L’erba quella morbida rideva della mia schiena e delle formiche e guardandomi intorno le persone erano mute, ed io sola in mezzo a loro.
I personaggi del parco stavano come cespugli e fontane, direi forse però meno contenti, e questo un po’ mi dispiace. Si stava tutti soli, che altro non può essere se non questo, ed ero anche io, in fondo, tranquilla.
Era, in fondo, un altro unico ennesimo pomeriggio prima dell’estate.
SIMONE BRIZZI
(Metà Illuso e Metà Disilluso)
L’FBI ha determinato che nel periodo estivo si uccide fino al 20% di più, Adolphe Quetelet, astronomo, matematico e sociologo belga nell’Ottocento la chiama “legge termica del crimine”. La calura accorcia la pazienza, il senso di controllo. O forse è solo la noia.
Guardo il mio corpo nudo allo specchio: non è pronto per l’estate. Nelle fasi di grassezza maggiore il petto cresce e mi vengono un po’ di tette. Una volta all’università uno mi ha preso in giro fino a toccarle e la seconda volta che lo ha fatto gli ho dato una testata in bocca. Era estate.
Ricordo un agosto a Milano, rinchiuso in un bell’appartamento all’ultimo piano zona Brera. Bagnavo le piante, nutrivo un gatto certosino con filetti di merluzzo o nasello. Mi guardava con aria sospettosa prima di mangiare. Ora so che percepiva la mia accresciuta tendenza al crimine.
D’estate nell’aria non c’è tensione. Un bambino attraversa la strada coi sandali di plastica. Sono sceso a prendere la metro a Moscova. Sul vagone una signora ha detto “Con sto caldo qualcuno ci lascia la pelle” e mi ha guardato come se sapesse che lo pensavo anche io.
GEGIA COLLETTINI
(Antifascista internazionalista)
Potrei non reggere la botta di questa felicità che improvvisamente fa capolino e poi rimane.
Parole misurate, di quelle che faticano a uscire ma devono arrivare e diventano allora fitte fitte e scivolose.
Poi tu hai detto: ci stiamo giocando il mondo a carte. E io ho pensato: hai ragione.
Questa partita non la vinciamo né io né te.

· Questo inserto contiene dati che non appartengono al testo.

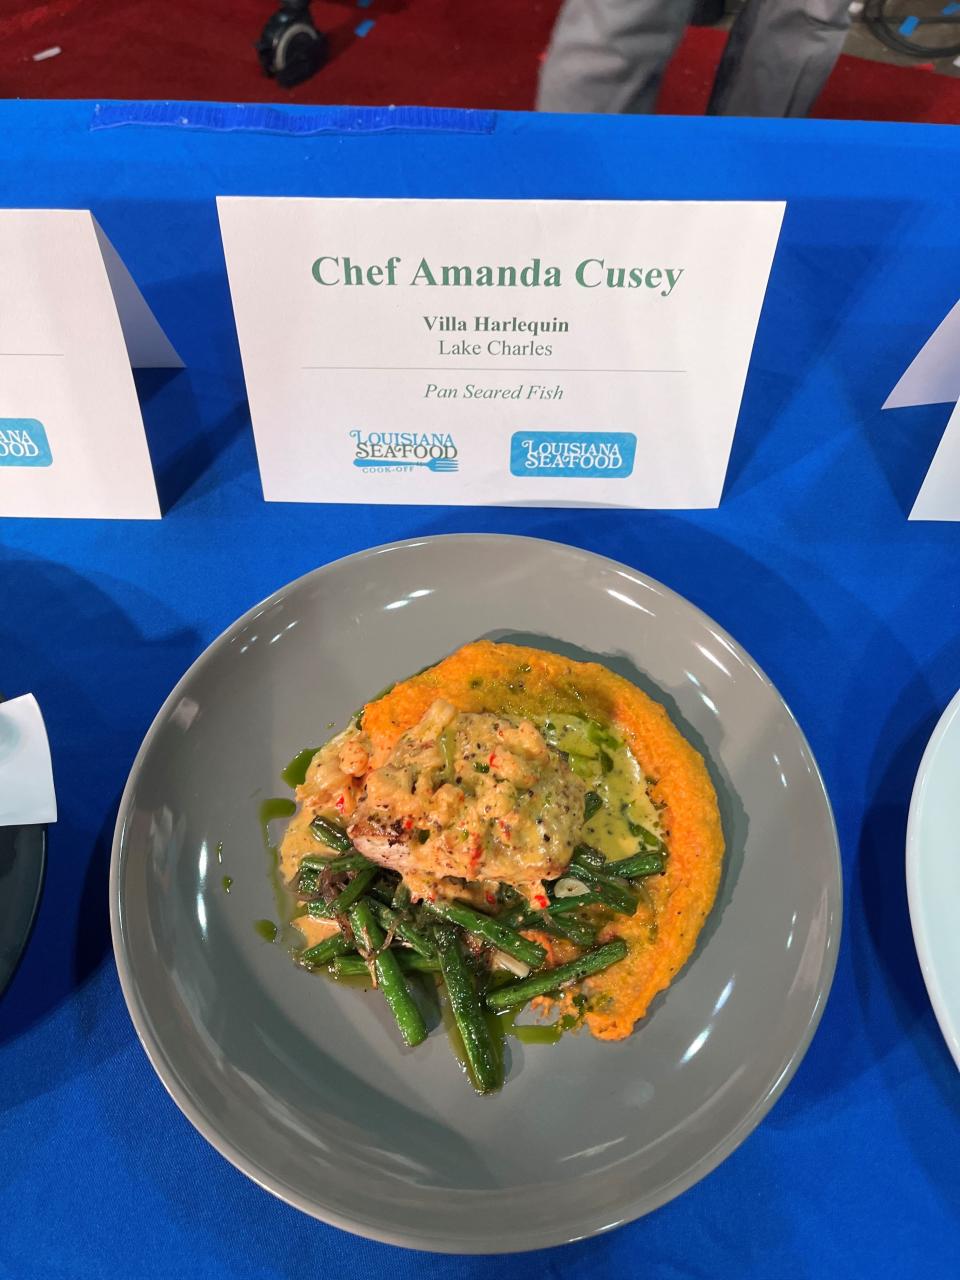 Amanda Cusey's winning dish at the 2022 Louisiana Seafood Cook-Off in Lafayette.

E mentre la calura estiva allenta la morsa su Roma e la dipinge di ocra, guardo gli stormi che si imitano dando vita allo spettacolo delle forme mobili che si arrestano.
E penso:
Quando le mani artritiche non riusciranno più a rollare smetterò di fumare.
CLAUDIA ZANARDI
(Chiacchiere e Rumore)
D’estate diventano tutti più stupidi.
L’estate condona aberrazioni che l’inverno, più marziale, mette a tacere a bastonate: musicaccia molesta, fritto ovunque, flirt con il melanoma, sfacciataggine interpersonale.
Però io amo l’estate, che ci devo fare. Così vado al cimitero.
Ci sono tante cicale che stridono isteriche. La ghiaia è croccante sotto i miei passi. È bianca come la luce.
Raggiungo la mia panchina in sasso preferita, all’ombra di un cipresso.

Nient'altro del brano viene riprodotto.